I spent several years as the religion teacher at an Episcopal day school in Baton Rouge.  I taught about 300 students from PreK – 5th grade. They called me Church Lady and I loved it. I wish I had written down all the things they said and did, because there are some hysterical and profound stories.

One day I was teaching the story of the Good Shepherd to a group of Kindergartners.  I talked about how the Good Shepherd led his sheep to green pastures and cool still waters and through the dark rocky places.  I told them that the Good Shepherd knew all his sheep by name and if even one of them was missing he would go out to find them and bring them home.  I used big pieces of felt and small wooden sheep and shepherd to tell the story.
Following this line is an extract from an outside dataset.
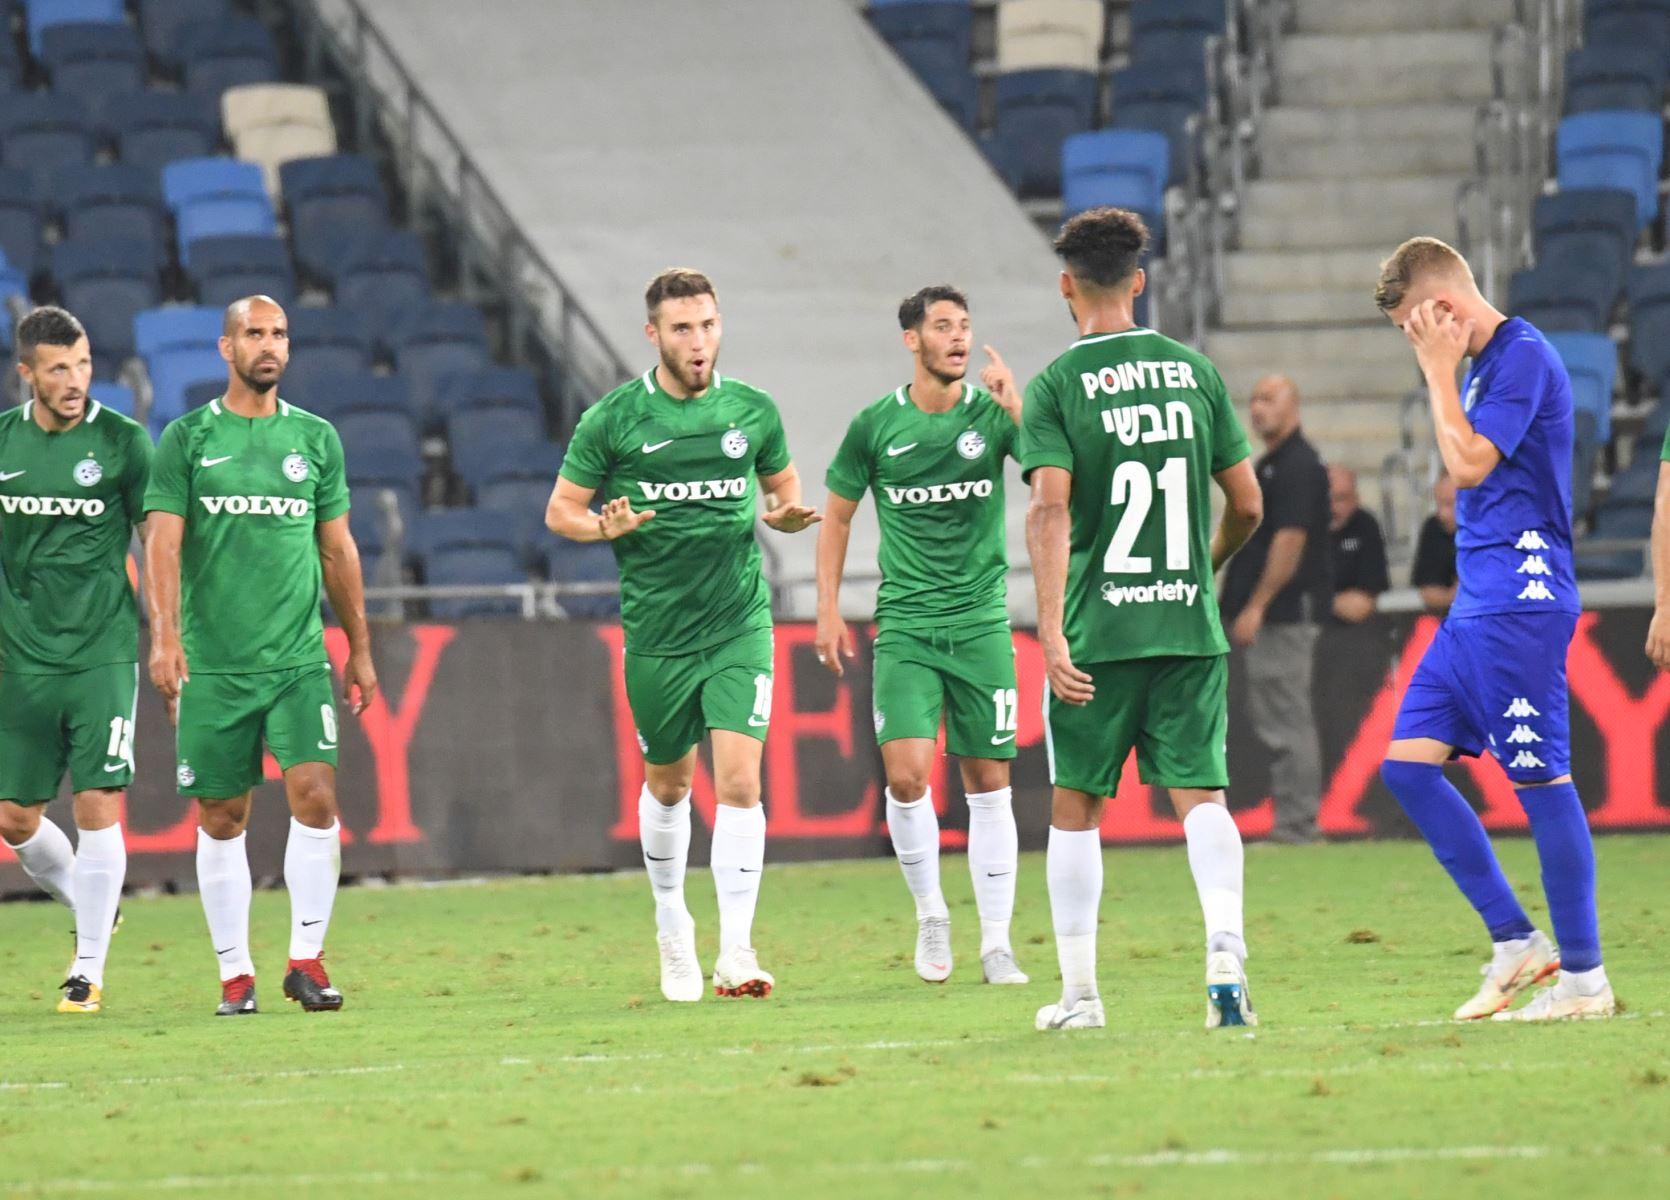 מכבי חיפה מנצחת 2:3 את עירוני קריית שמונה
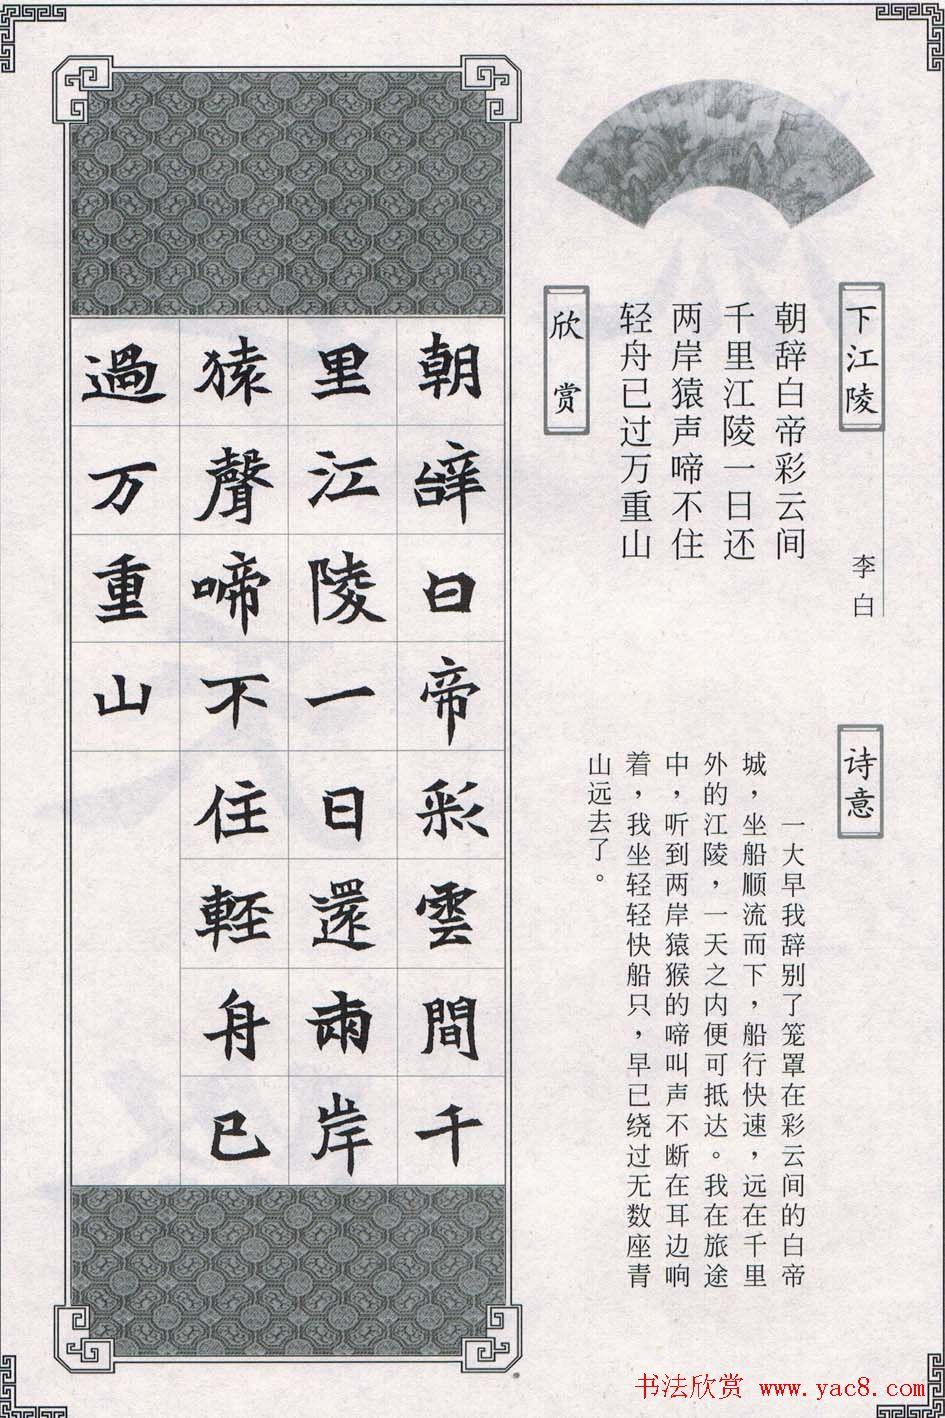 魏楷字帖欣赏《司马显姿墓志集唐诗十五首》

At the end of the story,  Warren, a darling, precocious boy with strawberry blond curls and freckles all over his big moon face shook his head. He had the best gravelly little voice I had ever heard from a 5-year-old.

I don’t know Miss Amelia….”That Good Shepherd must have had some kind of good GPS system to not get lost out there.”

Warren, the son of an avid Louisiana outdoorsman, knew how easy it is to get lost travelling in the wilderness without some help.

David helped us start off this Lenten season by reminding us that God has a burning question for us all, and it has been his question since the garden….  Where are you? We humans have gotten very good at hiding. From God. From each other and from ourselves. And the call of Lent is to try to stop hiding so much and show up.  Not an easy task.